Sentinel is built to follow industry-grade ML practices:

### **1. Data Leakage Prevention**
- Only features available before 9:30 AM are used.
- No future candles or indicators.

### **2. Walk-Forward Validation**
- Train on past → test on future.
- Essential for time-series markets.

### **3. Feature Engineering Principles**
- Normalize features using percentiles/z-scores.
- Focus on domain-driven features (flow, vol, momentum).

### **4. Overfitting Prevention**
- Regularization (L1/L2)
- Early stopping
- Feature selection based on SHAP and domain logic

### **5. SHAP Interpretability**
- Explains *why* the model predicted continuation vs fade.
- Supports Excel journal entries and dashboards.

### **6. Drift Monitoring**
- Detect changes in market regime.
- Trigger model updates if performance decays.

## 6. How Sentinel Fits Into My Portfolio

Sentinel represents the **Azure / Machine Learning / Real-Time Forecasting** project in the Big 4 portfolio:

1. **VAE (GCP)**  
   - Research engine, volatility modeling, RL integration.

2. **Sentinel (Azure)**  
   - Premarket predictions, feature engineering, ML, dashboard, cloud deployment.

3. **Market NLP Intelligence Suite (AWS)**  
   - Language modeling, earnings sentiment, real-time news analysis.

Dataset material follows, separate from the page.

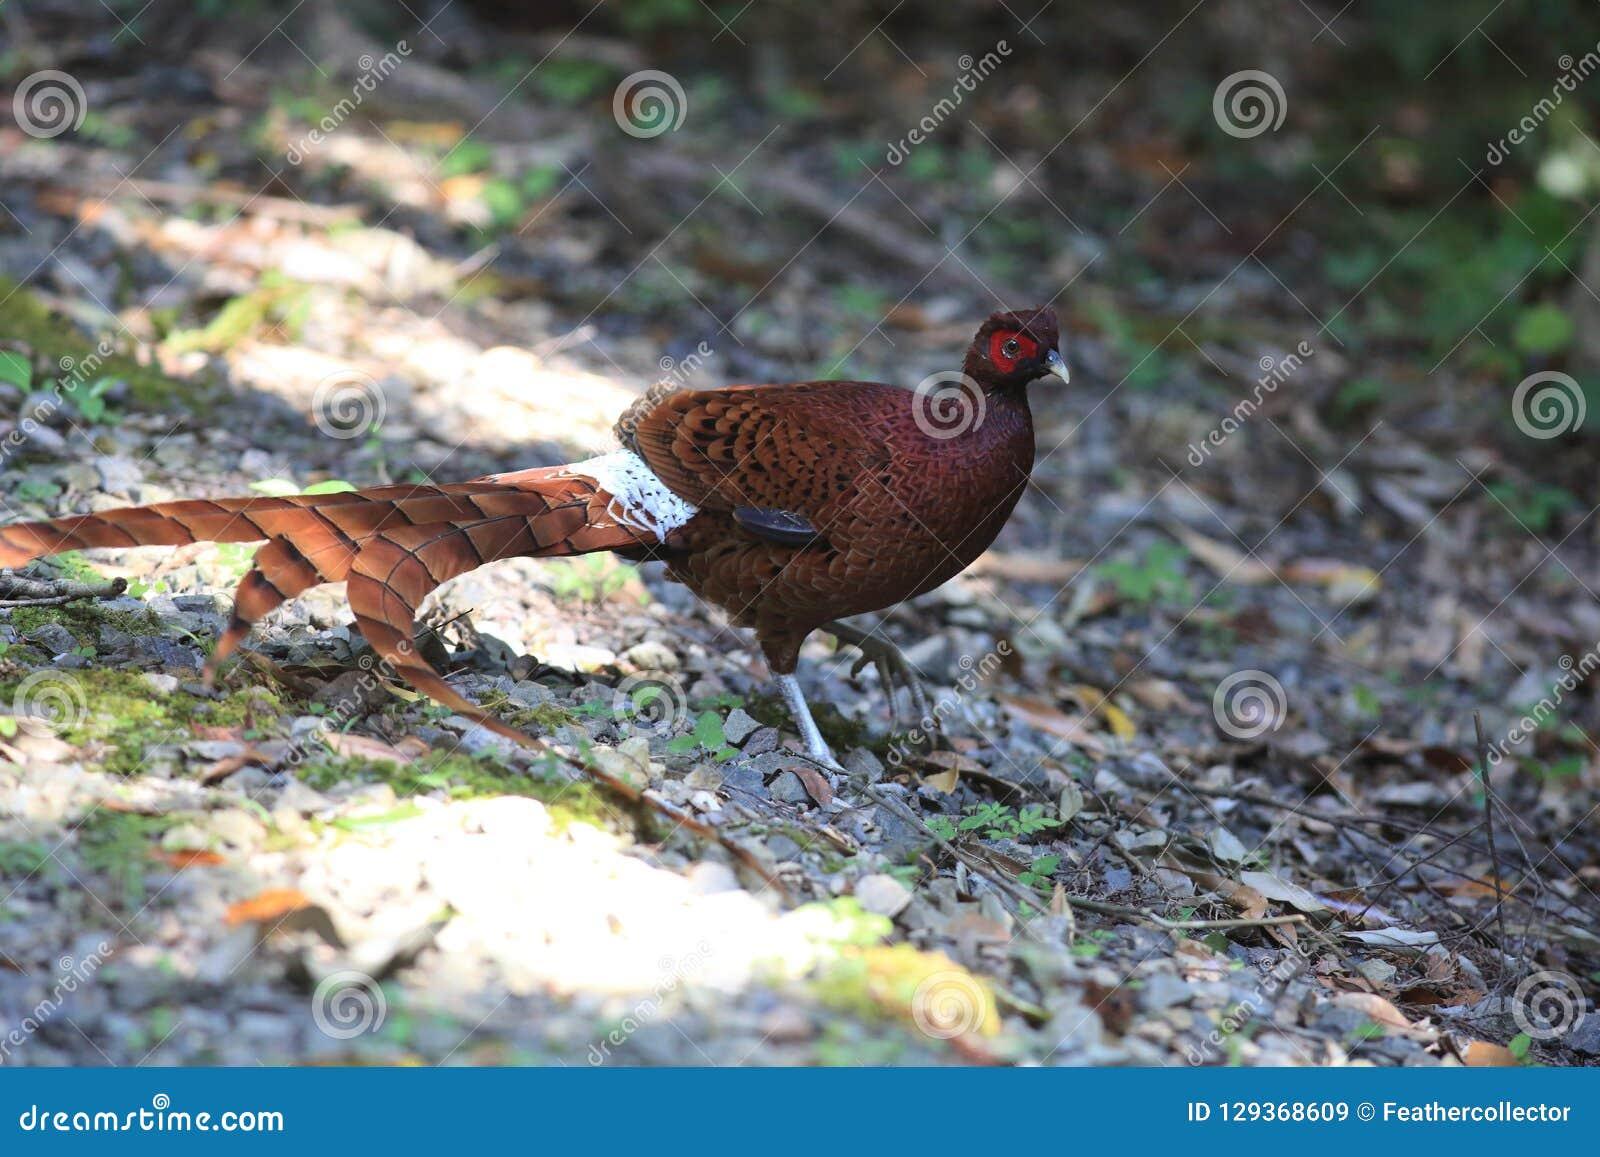 Copper Pheasant male in South Kyushu, Japan
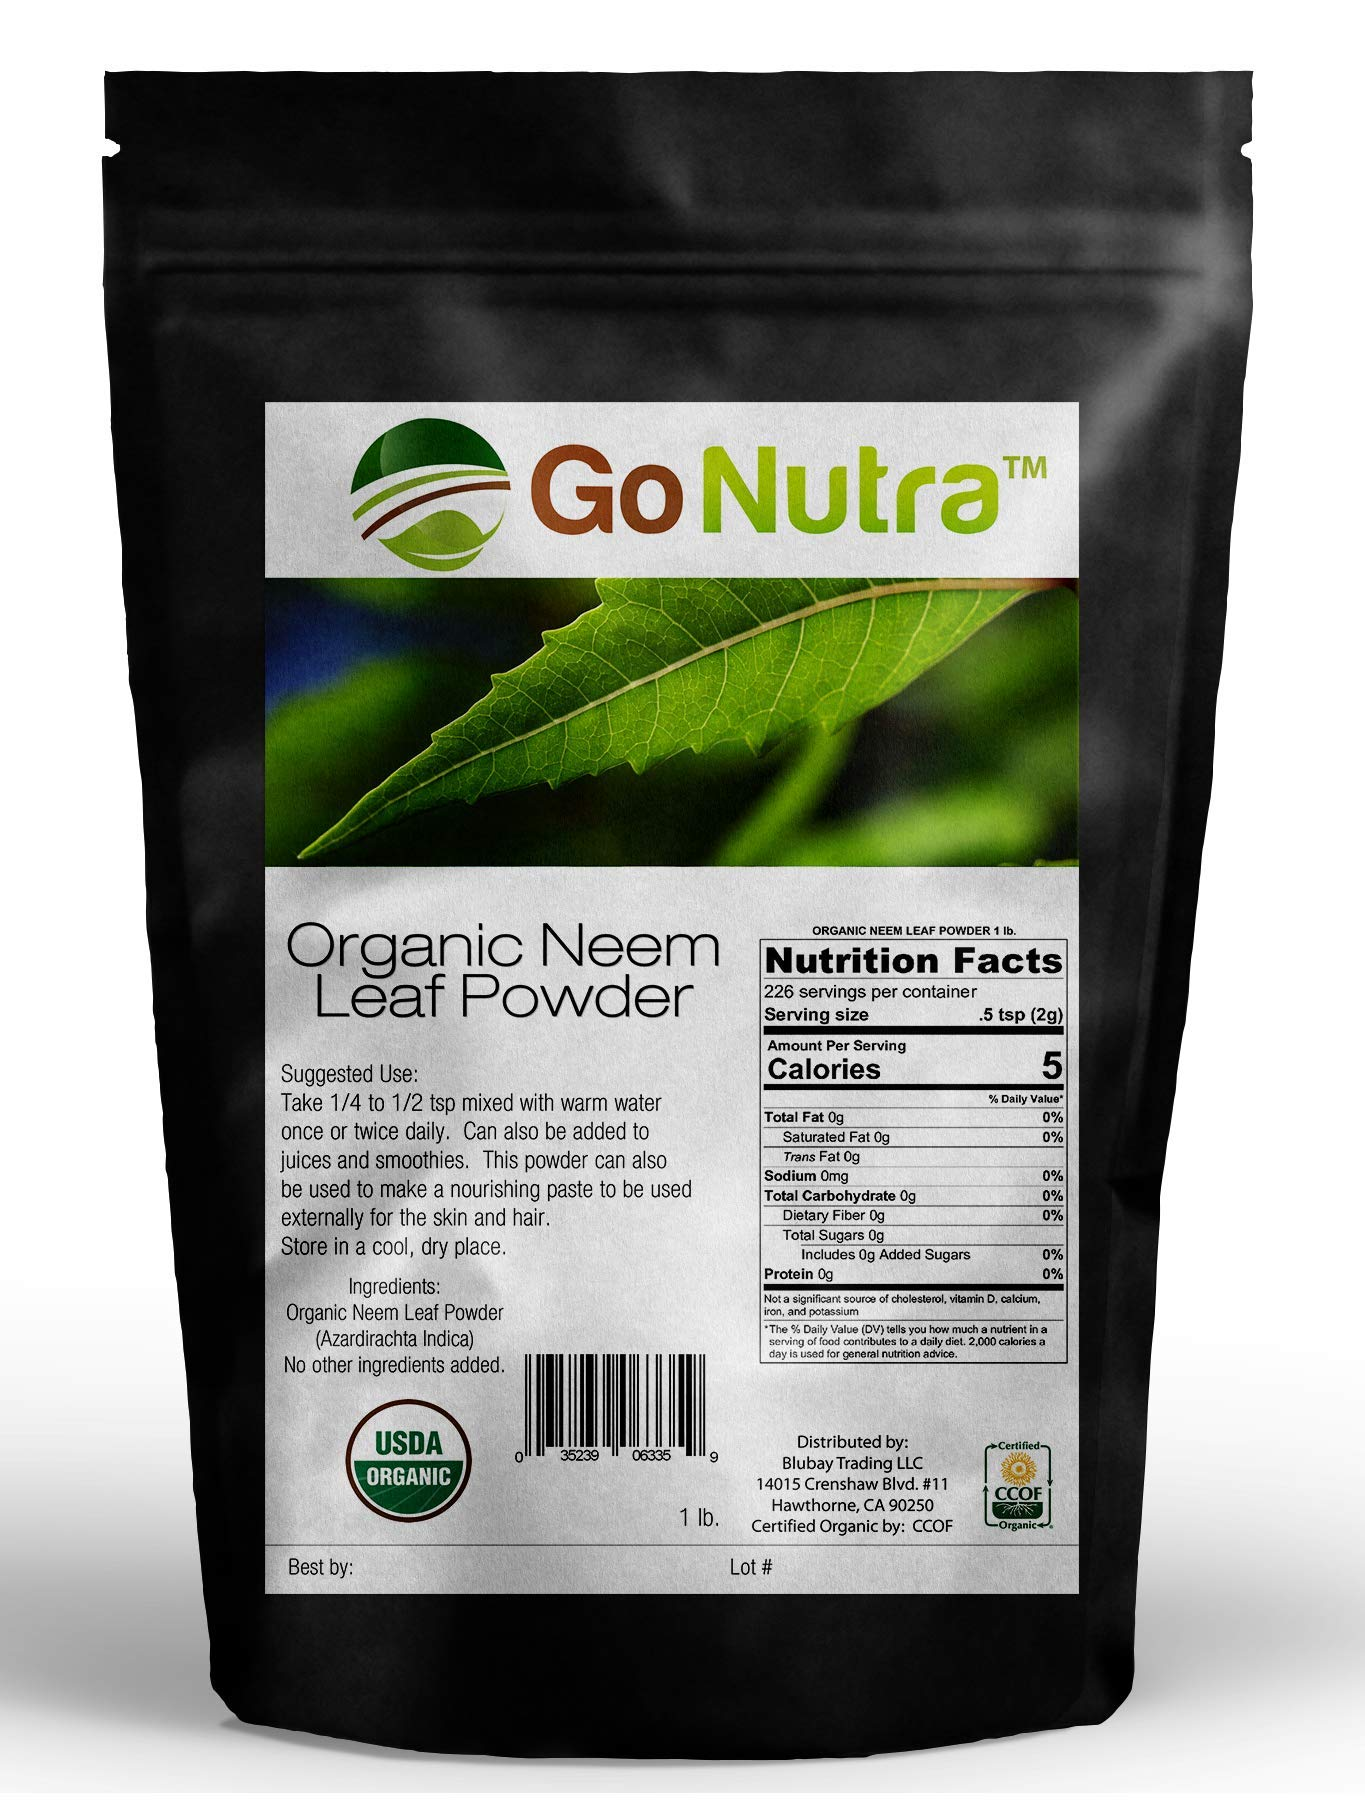 Amazing India Neem | Organic India Neem | Neem Powder 5 lb | Neem Powder for Hair Face Skin Teeth | Azadirachta Indica

4. **RL Options Trading System**  
   - Reinforcement learning environment + policy agent demonstration.

Sentinel showcases:
- Clean ML pipeline design  
- Strong feature engineering  
- Production-style architecture  
- Cloud deployment skills  
- Explainability and analytics  

## 7. What Comes Next

With Notebook 00 complete, the next steps are:

### **1. Notebook 01 — TradyFlow EDA**
- Load raw dataset
- Explore key columns (delta, gamma, volume, etc.)
- Save cleaned version to `data/processed/`

### **2. Begin Feature Engineering (Notebook 02)**
- Create premarket + flow-based features
- Normalize and validate distributions

### **3. Early Modeling Prototype**
- LightGBM model
- Walk-forward validation pipeline

### **4. Set Up Journal Writer + Dashboard Skeleton**
- Append predictions to Excel
- Basic UI to display predictions

Sentinel now has a fully defined architecture and direction.